Pendekatan ini bukan yang pertama kali Tiongkok melihat insentif non-tradisional dalam pendidikan. Pada tahun 2022, sebuah sekolah dasar di Provinsi Yunnan, sebuah wilayah miskin, menghadiahi siswa berprestasi dengan anak babi untuk mendorong studi dan membantu ekonomi lokal. Guru dari sekolah tersebut, Hou Changliang, menyatakan bahwa penghargaan semacam itu tidak hanya memotivasi siswa tetapi juga membantu keluarga mereka, menumbuhkan kemandirian.

Latar belakang inisiatif ini juga mencakup upaya pemerintah Tiongkok untuk mereformasi sistem pendidikannya yang sangat kompetitif. Kebijakan "Pengurangan Ganda", misalnya, bertujuan untuk mengurangi beban pekerjaan rumah dan les privat di luar sekolah. Meskipun demikian, model pendidikan yang berorientasi ujian masih mendominasi, dengan kurikulum yang padat dan tekanan besar untuk berhasil dalam ujian yang menentukan prospek karier di masa depan.

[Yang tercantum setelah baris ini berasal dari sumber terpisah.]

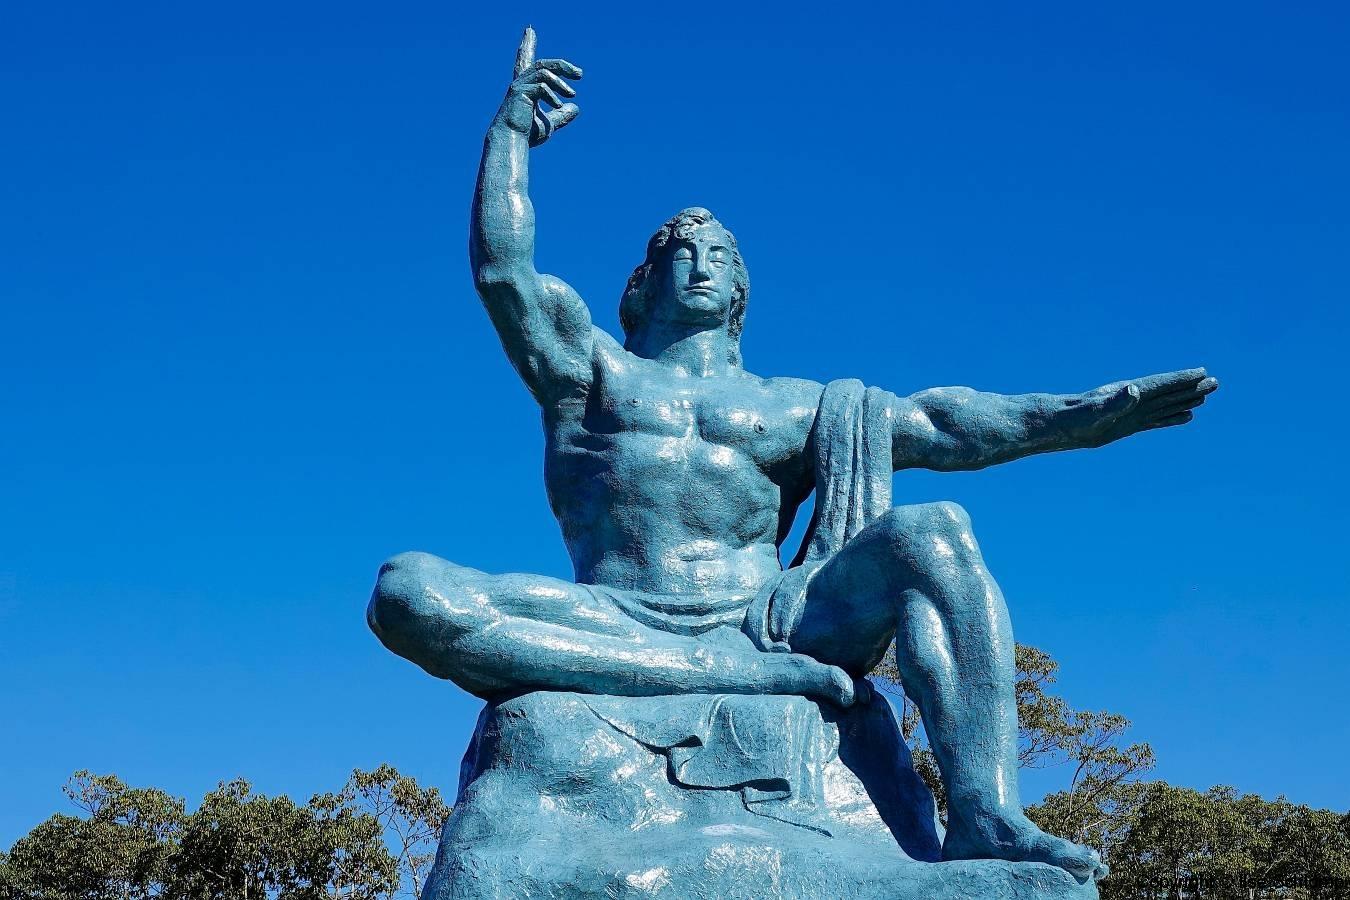 Japan, Nagasaki, Friedenspark, Statue des Friedens, Die erhobene rechte Hand bedeutet die Bedrohung der Atomwaffen, während der linke ausgestreckte Arm den Wunsch nach Frieden repräsentiert und die Augen sind im Gebet für die Seelen der Atombombenopfer geschlossen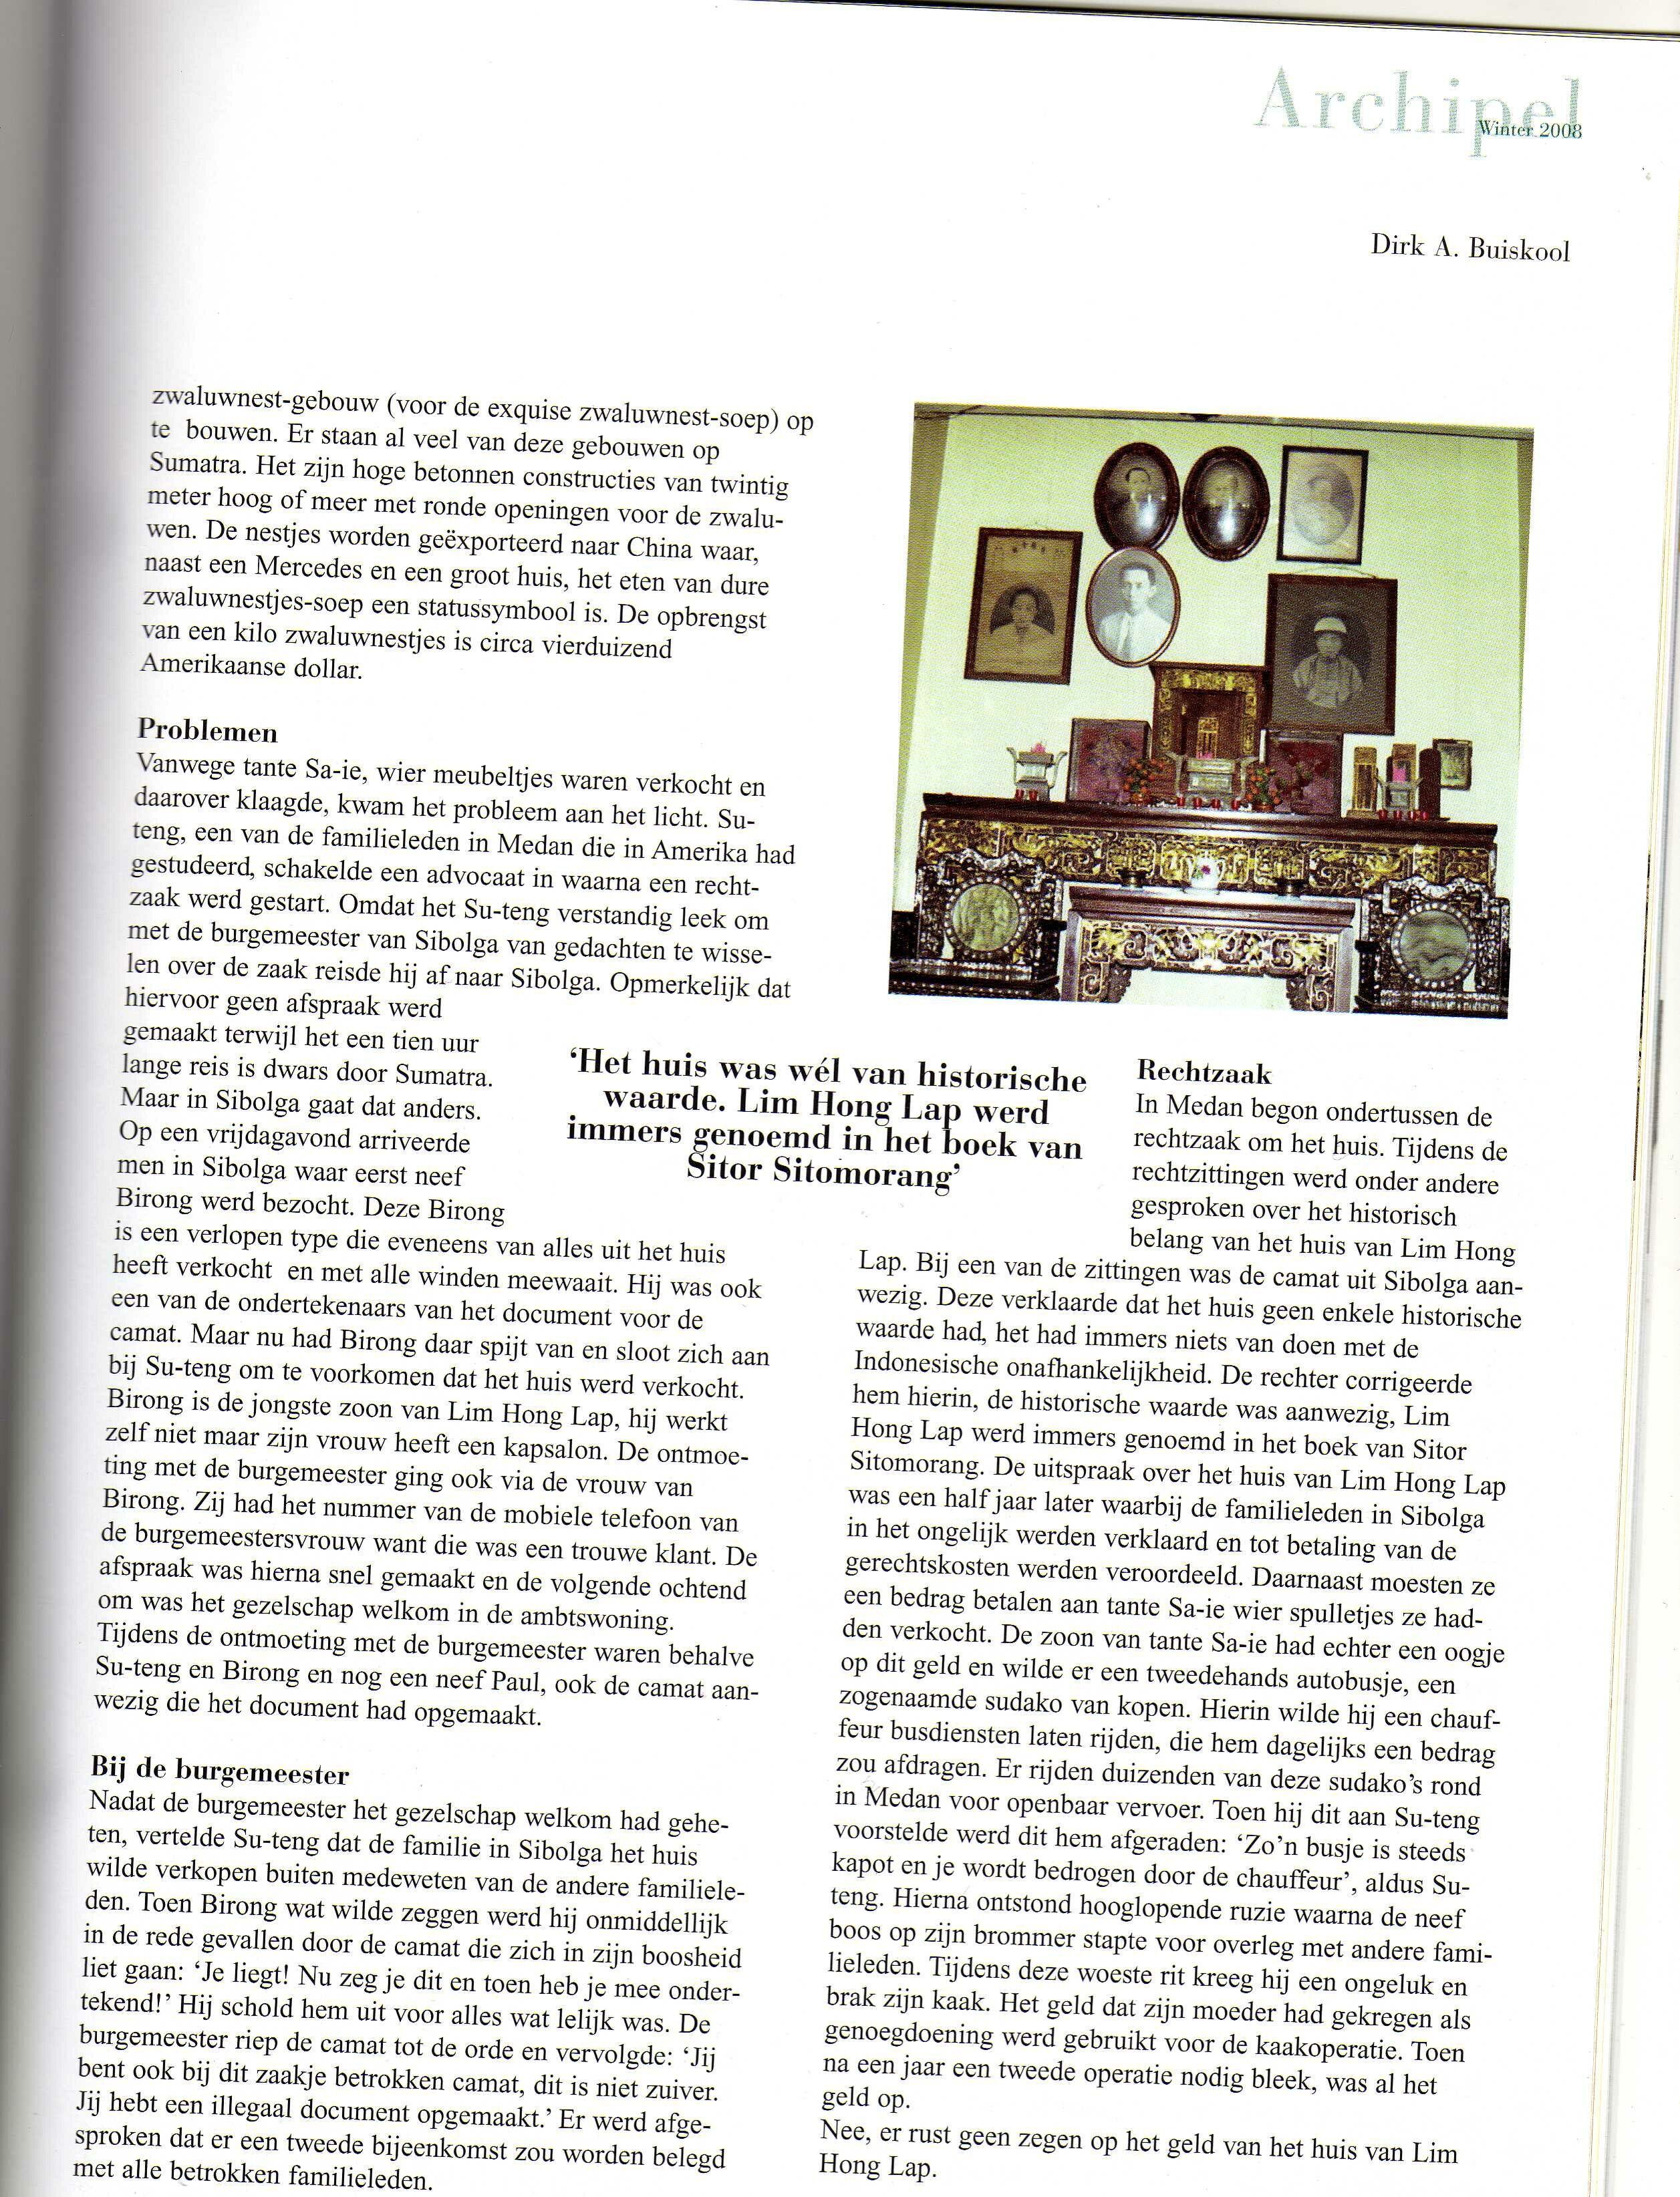 Article House Lim Hong Lap 2 1 - Het Huis van Lim Hong Lap

Para ahli di masa lalu telah menyarankan bahwa sistem pendidikan Tiongkok dapat ditingkatkan dengan memperkenalkan insentif bagi siswa dan guru agar mereka lebih serius dalam belajar. Sementara insentif tradisional sering berpusat pada tunjangan finansial atau beasiswa, langkah-langkah baru seperti alat tidur atau anak babi menunjukkan keinginan untuk menyuntikkan elemen kepedulian dan kepraktisan ke dalam sistem penghargaan, yang berpotensi mengurangi dampak negatif tekanan akademik yang ekstrim. Inisiatif ini dapat menjadi sinyal bahwa beberapa institusi pendidikan di Tiongkok mulai mencari metode untuk menyeimbangkan keunggulan akademik dengan kesejahteraan siswa, menawarkan hadiah yang secara langsung mendukung kenyamanan dan kebanggaan pribadi sebagai pelengkap sertifikat semata.